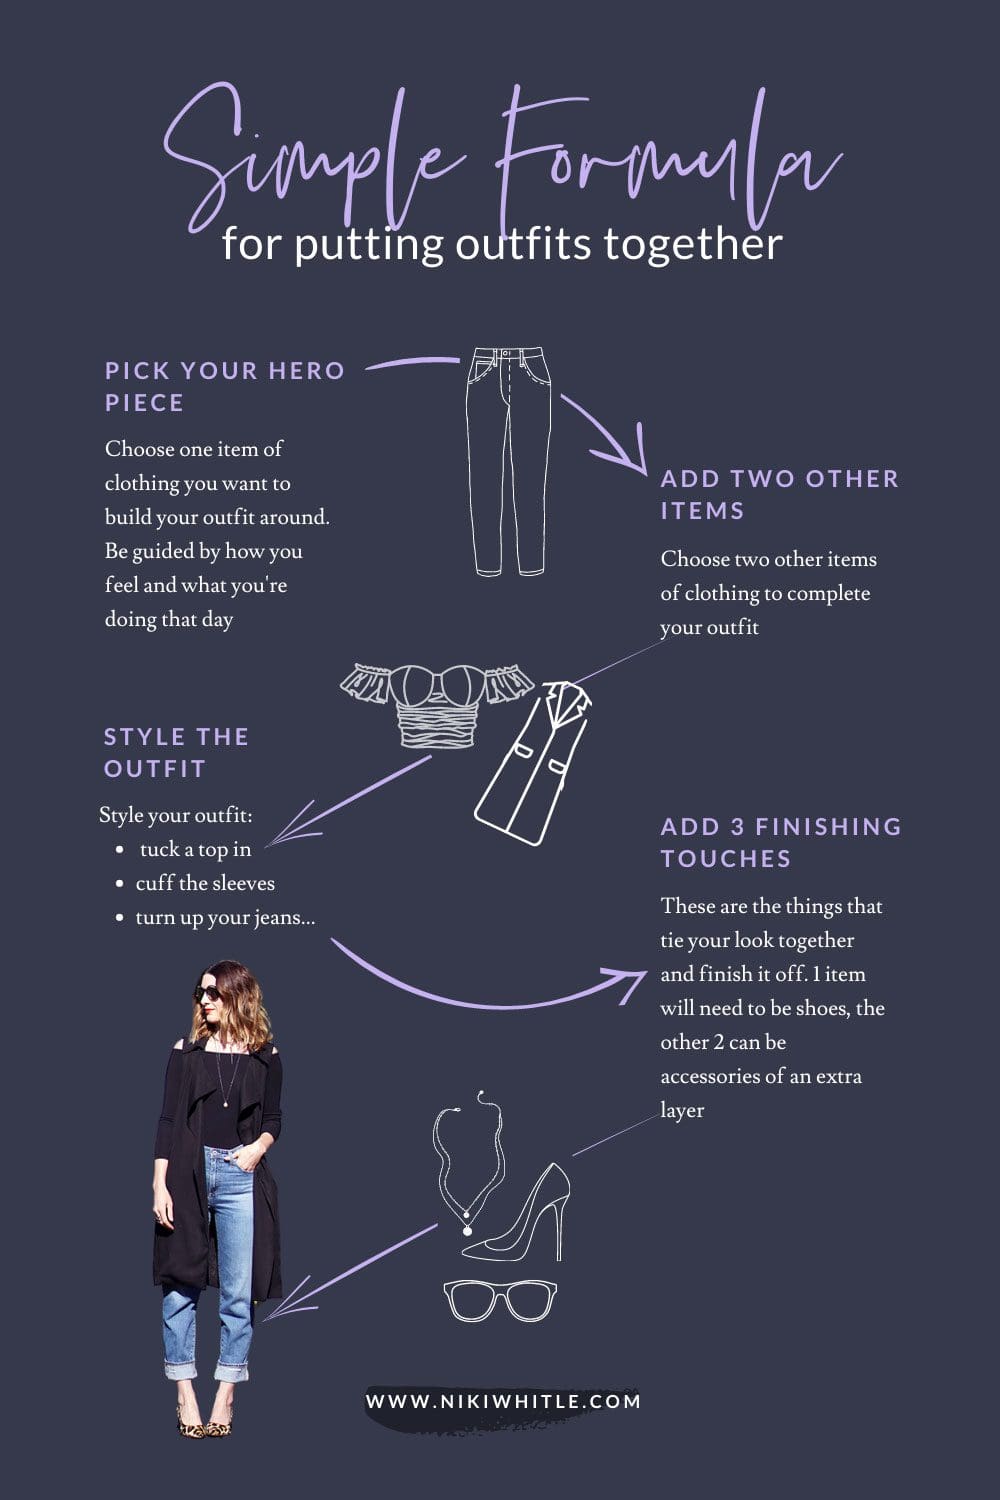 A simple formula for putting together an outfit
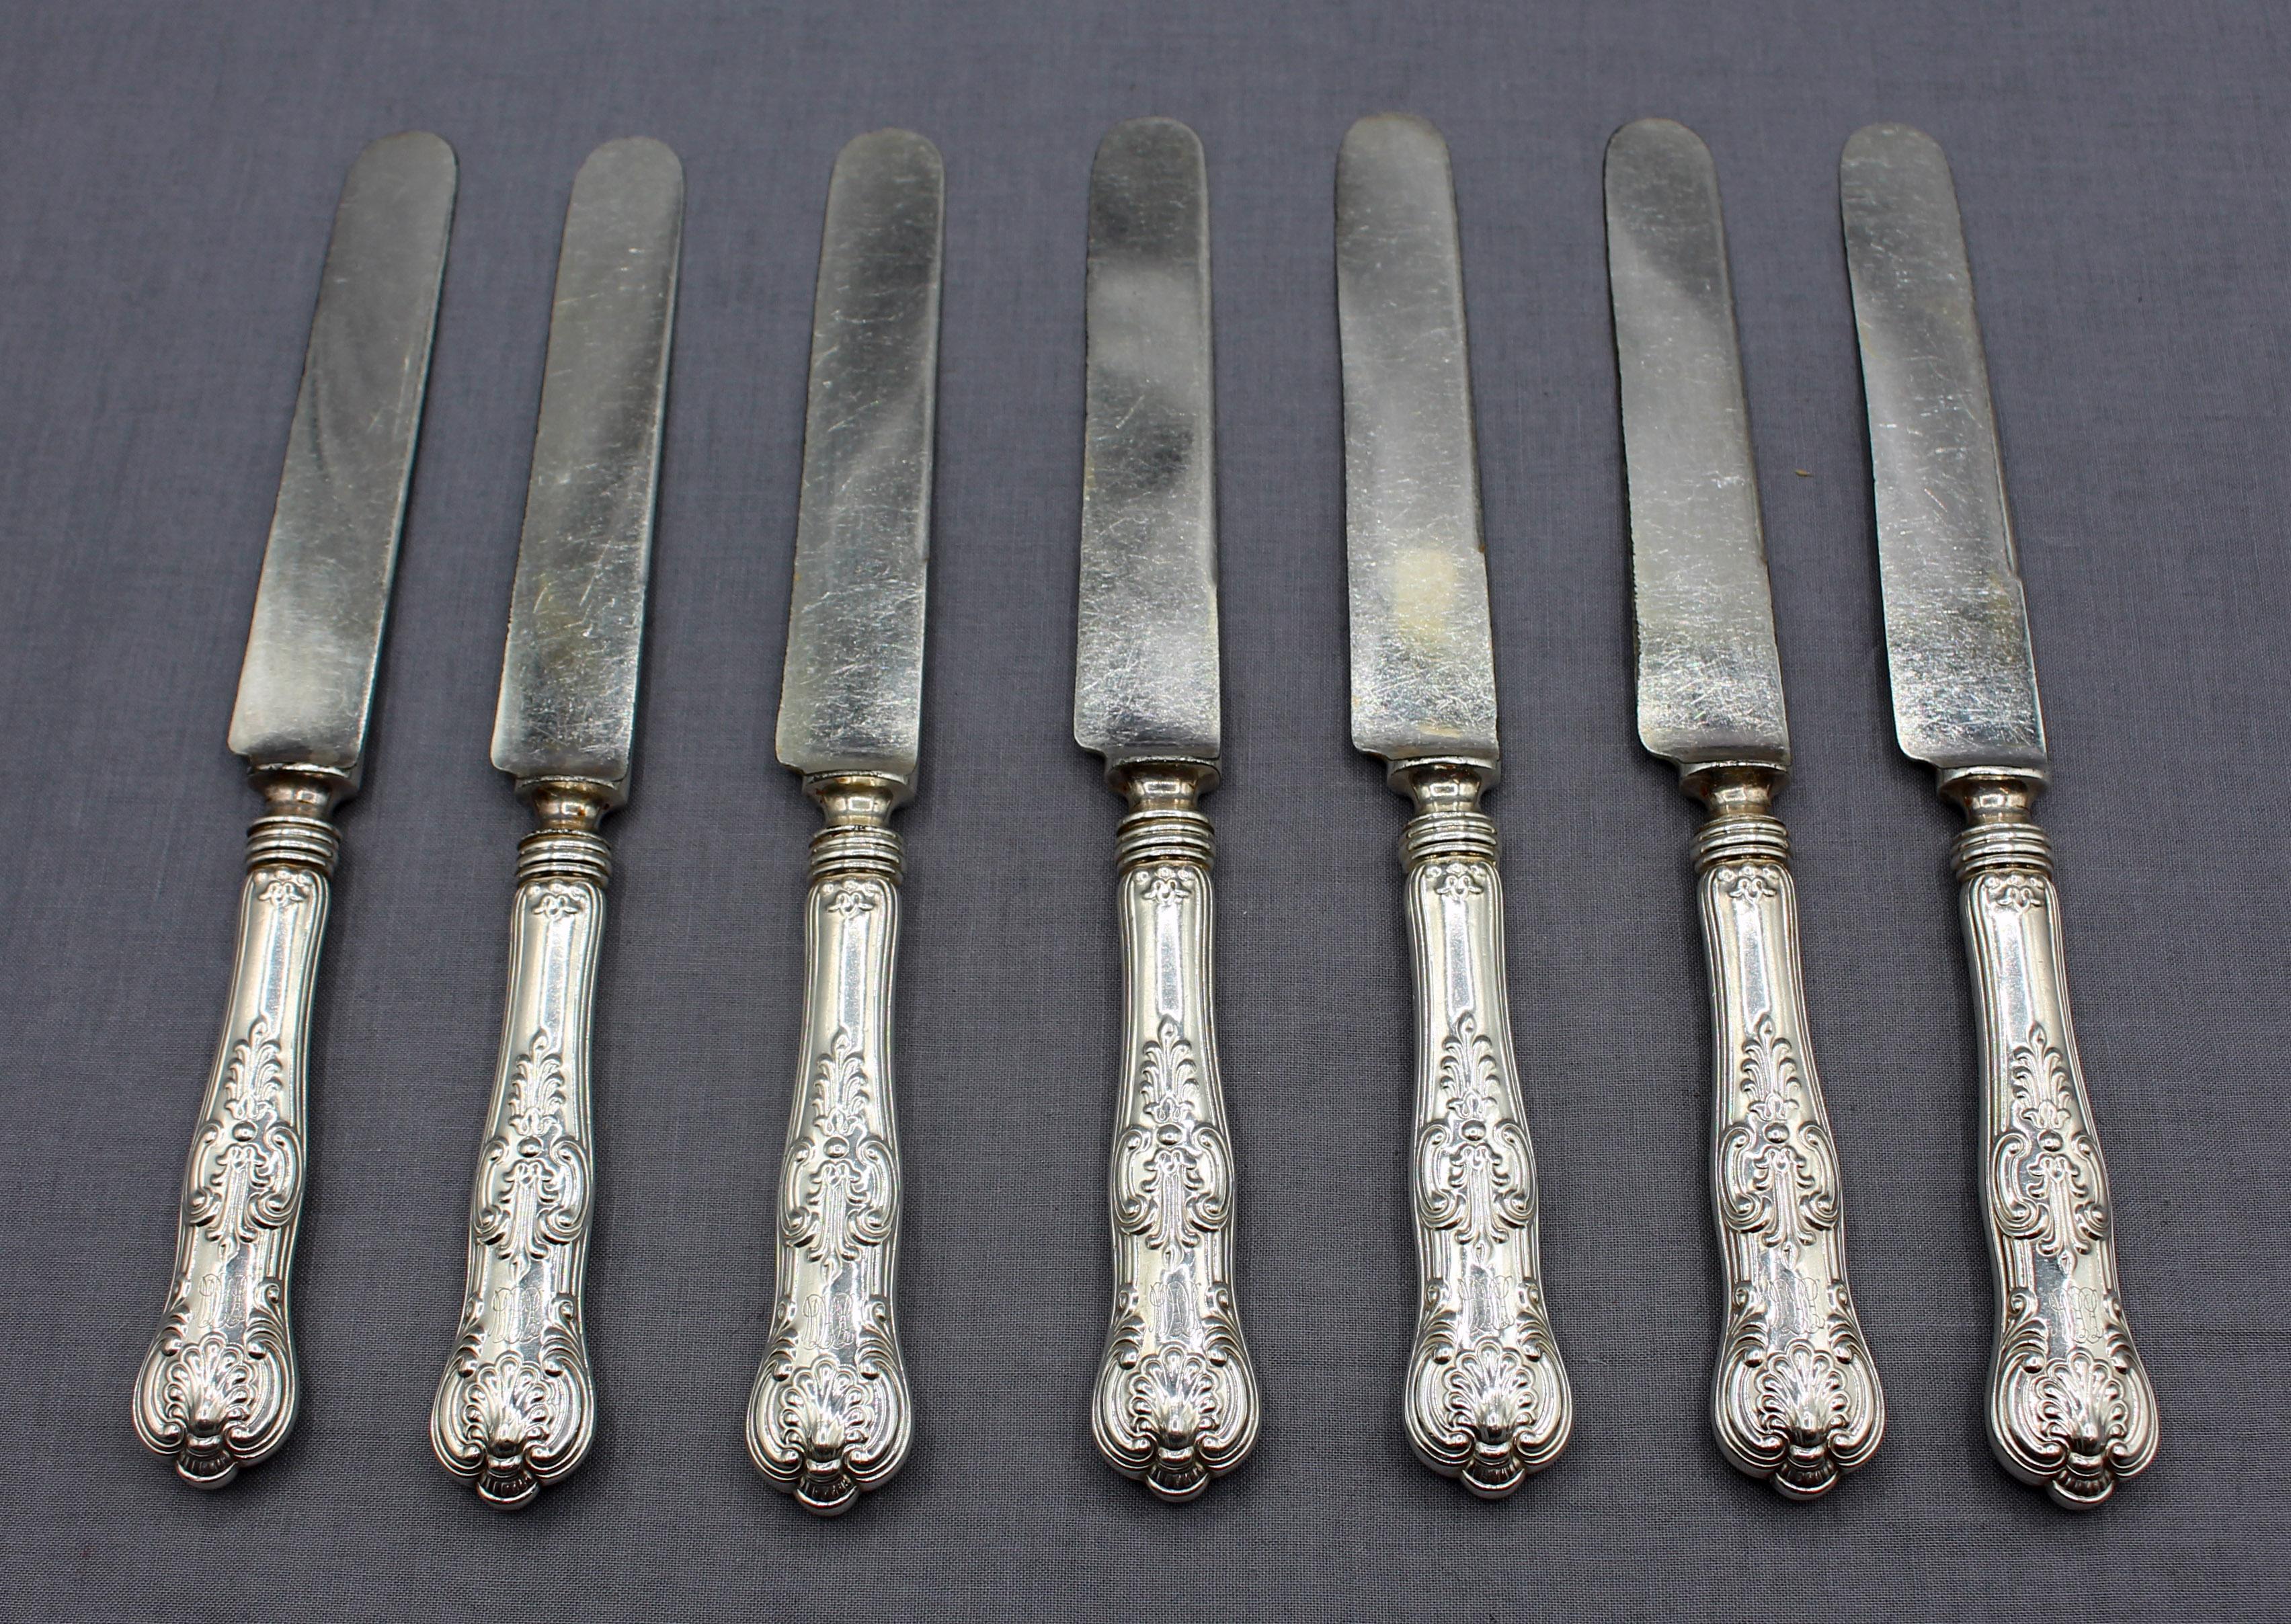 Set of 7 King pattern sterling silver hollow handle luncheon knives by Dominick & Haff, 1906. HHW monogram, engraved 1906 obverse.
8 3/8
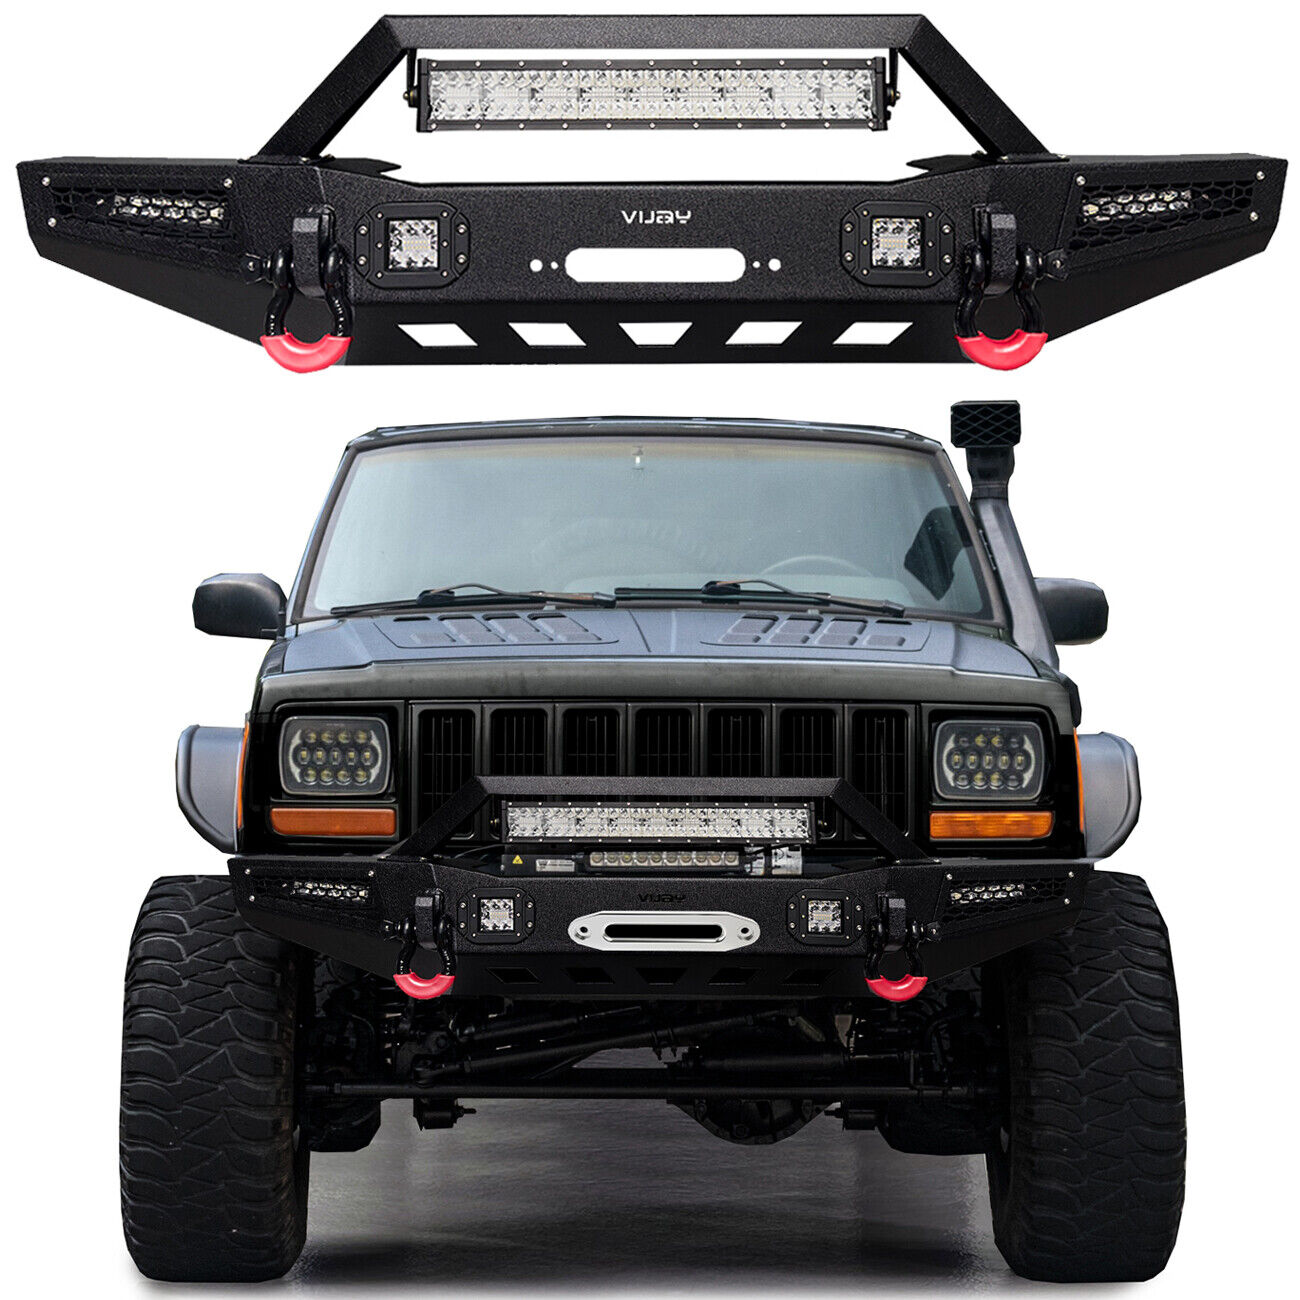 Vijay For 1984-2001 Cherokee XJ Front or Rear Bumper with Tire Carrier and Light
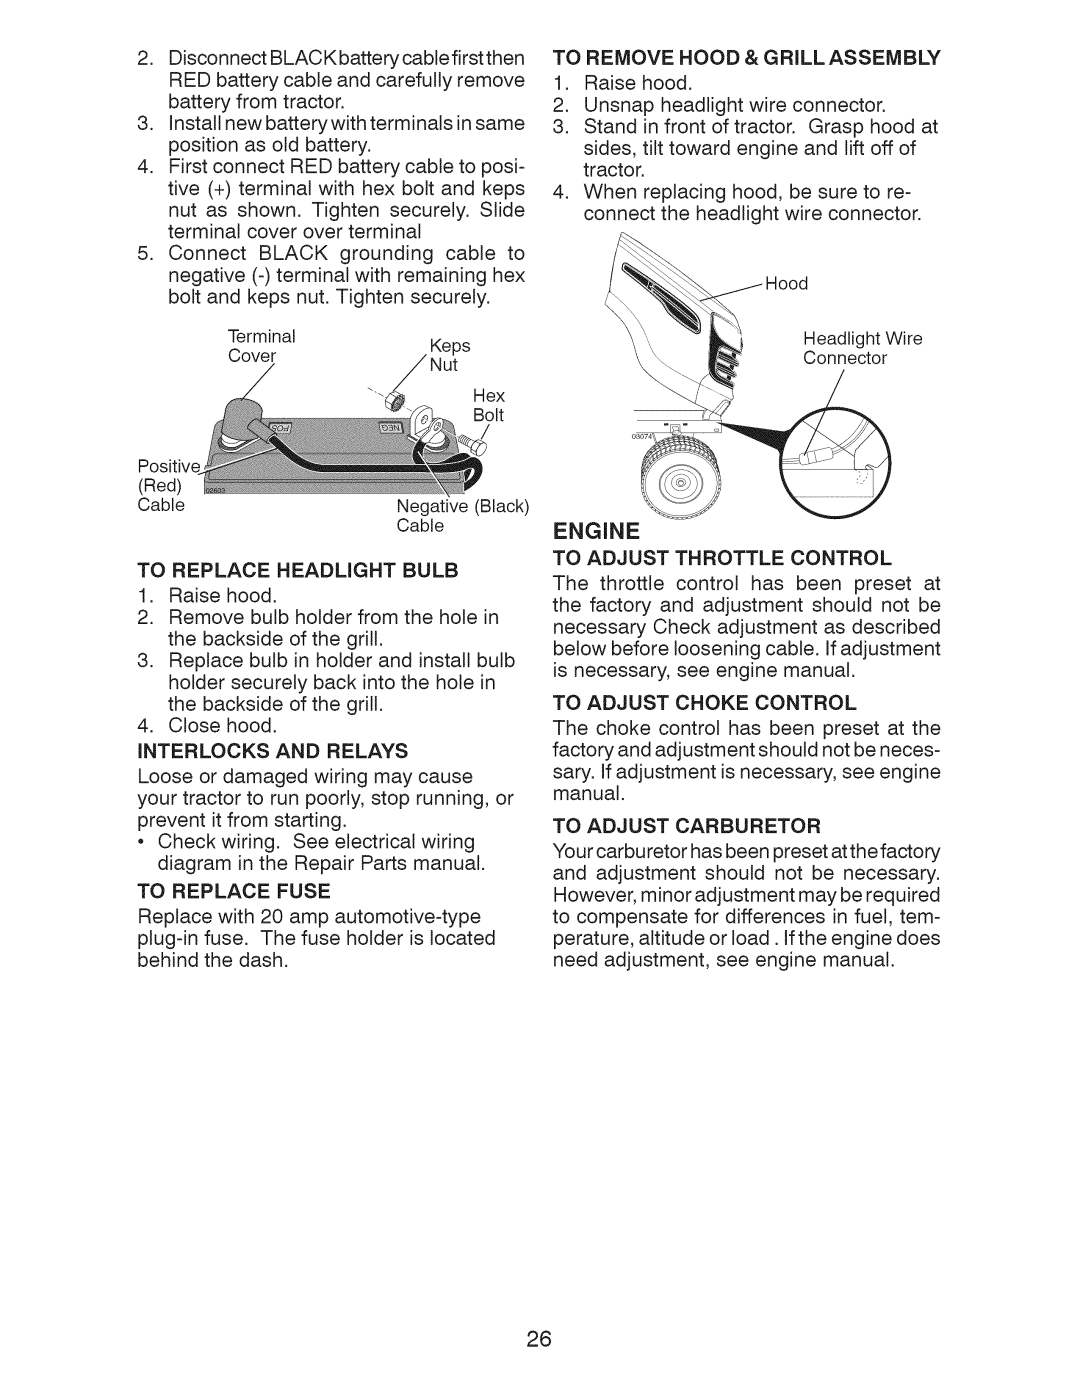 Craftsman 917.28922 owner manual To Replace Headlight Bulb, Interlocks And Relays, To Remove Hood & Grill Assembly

★ ★ ★ ★ ★ ★ ★

- _Exercise objective_: The lines to copy run from the line containing "Set of 7 King" through the end of the data above; copy exactly those, minus the pictures.

- _Output of the exercise_:
 Set of 7 King pattern sterling silver hollow handle luncheon knives by Dominick & Haff, 1906. HHW monogram, engraved 1906 obverse.
8 3/8
 Vijay For 1984-2001 Cherokee XJ Front or Rear Bumper with Tire Carrier and Light
 Craftsman 917.28922 owner manual To Replace Headlight Bulb, Interlocks And Relays, To Remove Hood & Grill Assembly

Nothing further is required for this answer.